Java 8 parallelism exercise - part III

In the third part of this exercise I'm going to focus on an issue related to just a few lines of code, that is quite interesting: partly because it involves a minor quirk in Java 8, partly because the understanding of it and its work-around is a good way to deepen the comprehension of lambdas.

Before moving to the main topic, there are a few things to say. First, I have to mention that the source code underwent a slight refactoring, in which:

  1. I encapsulated everything related to progress tracking into a separate ProgressTracker class.
  2. I turned some methods in the Main class from static to regular instance method - this means that now Main is instantiated before being executed.
  3. I also renamed the package, but this is just a cosmetic thing.

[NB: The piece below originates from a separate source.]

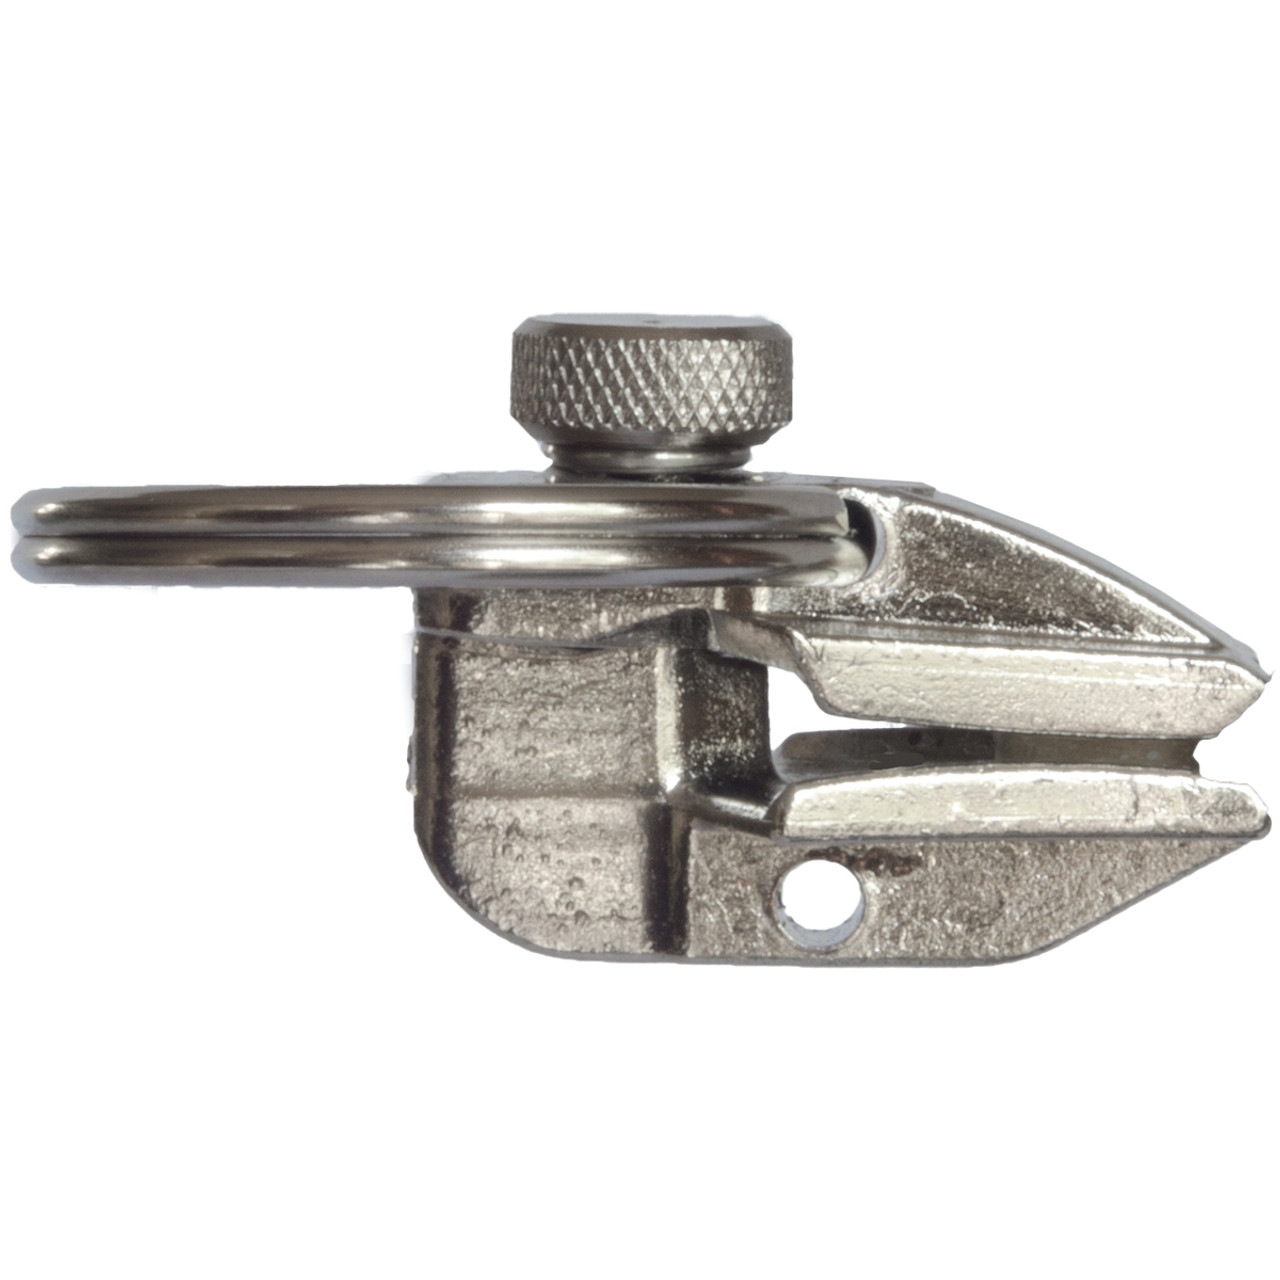 Fixnzip Zipper Repair Medium Nickel

There could be many things to say about this transformation, which converts the original, functional “look” into something traditionally object-oriented. But the scope of SolidBlue2, so far, is so simple that there is not enough context to make serious considerations about this topic.

Second, the scanning of the filesystem has been improved with a try-with-resources:

try (final Stream<Path> s = Files.walk(targetPath, FOLLOW_LINKS))
  {
    final Map<String, String> storage = s.filter(Main::matchesExtension)
                                         .peek(progressTracker::notifyDiscoveredFile)
                                         .collect(toList())
                                         .stream()
                                         .collect(toMap(p -> p.getFileName().toString(),
                                                        p -> computeFingerprint(p, "MD5"),
                                                        (v1, v2) -> v2));
    store(targetPath, storage);
  }

Stream, actually, has got a close() method. When the Stream source is in memory there's no need to close it, as the memory resources are handled by the Garbage Collector as usual. But when the source opens some system resources (such as sockets or files), the Stream should be explicitly closed. SolidBlue2 is currently a tiny command line application that terminates after the scan, so this aspect is not relevant now; but since it is going to become a full-fledged application with its own user interface, it's better to properly handled the thing before I forget. The best way to do that is to use try-with-resources, since Stream implements AutoCloseable.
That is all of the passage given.